Ser albino em países africanos pode ser bastante arriscado. Na Tanzânia, por exemplo, ter a pele alva e os cabelos amarelos é um terrível pesadelo, sinônimo de uma vida marginal, marcada por perseguições e fugas.
Diversas lendas cercam os albinos na África. Os feiticeiros dizem que eles têm poderes mágicos. Muitas pessoas acreditam que várias partes do corpo de uma pessoa albina são ingredientes preciosos para produzir porções, que curam doenças e atraem riquezas. Outra lenda diz que ter relações sexuais ou beber o sangue de um albino cura a AIDS.
Nos últimos anos, centenas de albinos foram mortos ou mutilados. As mortes acontecem por superstições ou puro preconceito, visto que ter um albino na comunidade é sinônimo de “má sorte”. Já as mutilações são feitas a fim de suprir o mercado ilegal da feitiçaria. Partes do corpo podem valer pequenas fortunas. As mães de crianças albinas geralmente são abandonadas pelos pais e obrigadas a criar os filhos sozinhas, por vezes, sem as mínimas condições, o que os deixam suscetíveis a esses bandidos.
Outro fator preocupante é o sol que castiga a pele extremamente branca.
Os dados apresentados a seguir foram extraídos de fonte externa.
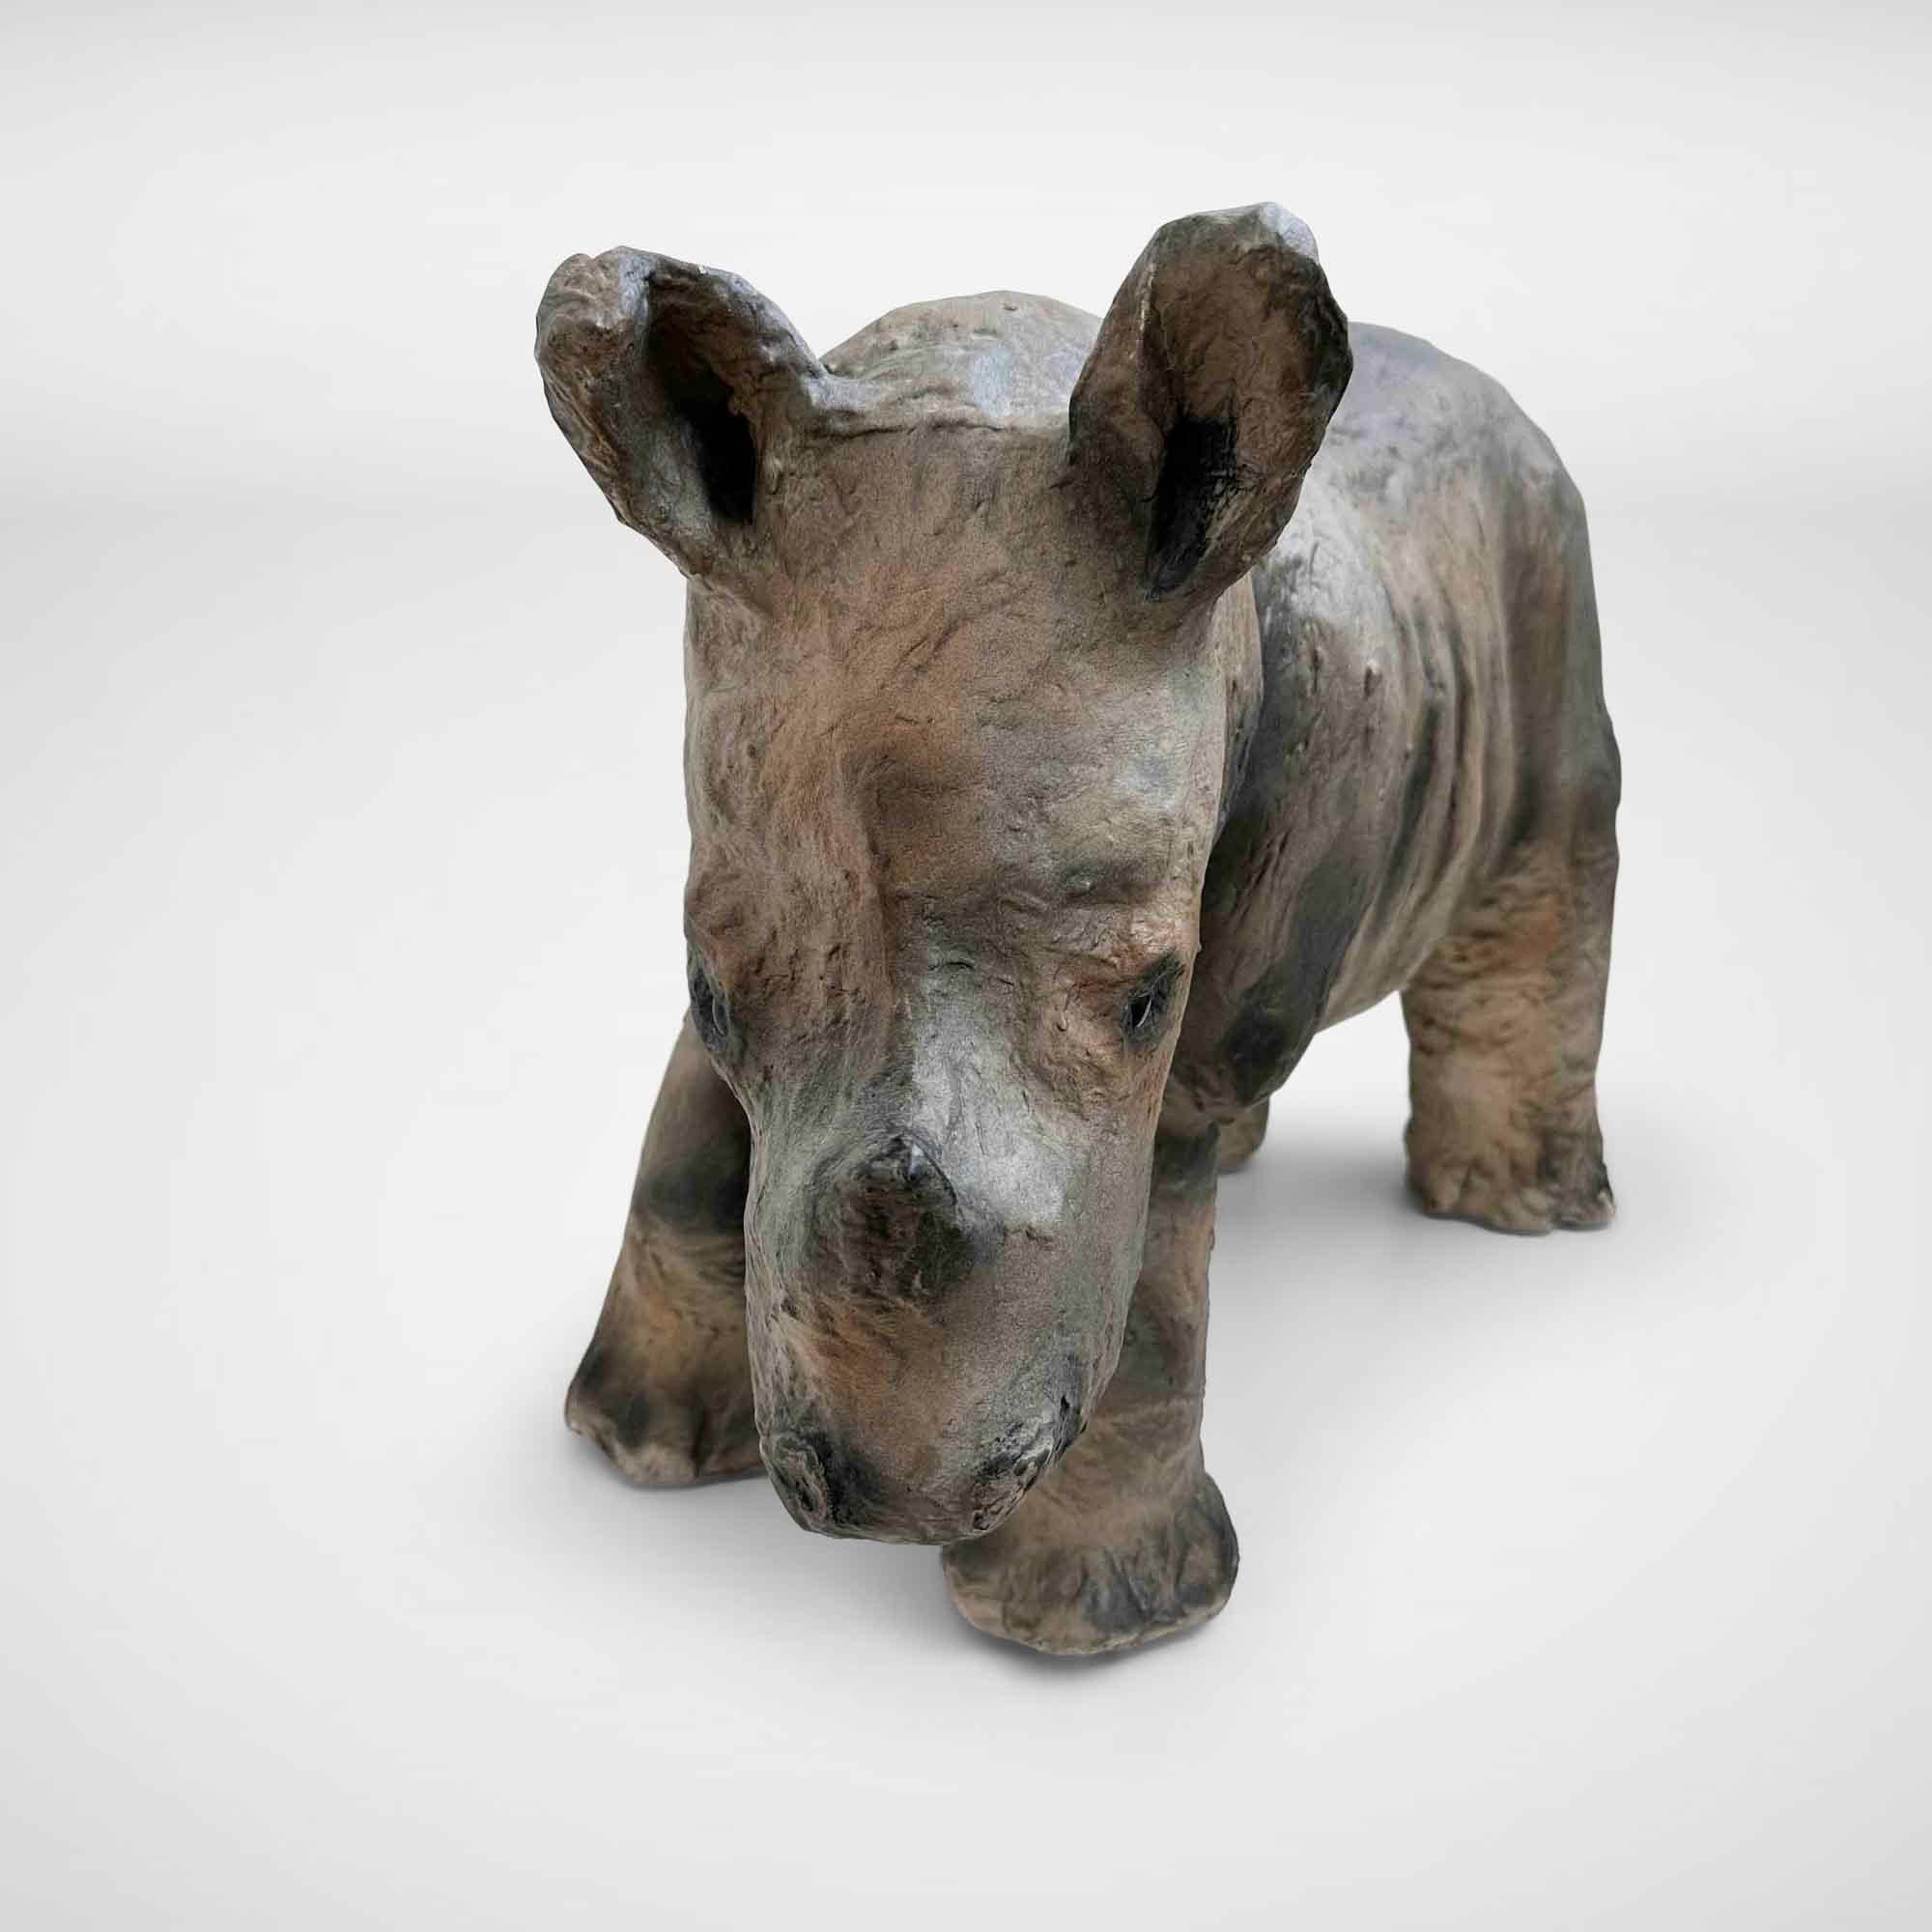 Un bébé rhinocéros réaliste en papier mâché. Les pattes et les oreilles présentent de légères traces d'usure. Ce rhinocéros provient de la Collectional d'un musée allemand et est encore dans son état d'origine.

Allemagne, années

A maioria dos albinos africanos já sofreu com algum tipo de câncer na cútis. Alem da pele, os olhos são mais sensíveis e também necessitam de cuidados especiais. Organizações não governamentais atuam em países como a África do Sul e Quênia, doando protetor solar, ensinando como evitar feridas na pele e auxiliando os que estão com queimaduras e carcinomas. Porém, a maior parte dos que sofrem com doenças de pele ainda estão sem nenhuma espécie de ajuda e seguem improvisando alguma forma de proteção.
O problema é maior do que se possa imaginar. Devido a fatores genéticos, os povos africanos têm maior probabilidade de gerarem crianças albinas. Uma em cada grupo de 2 a 4 mil crianças que nascem na África é albina. Essa probabilidade é de 4 a 8 vezes maior do que em outros povos e raças. Na Tanzânia estima-se que 150 mil pessoas sejam albinas, país com a maior incidência no continente. Milhares vivem escondidos em aldeias ou em abrigos patrocinados pelo governo e pela ajuda internacional.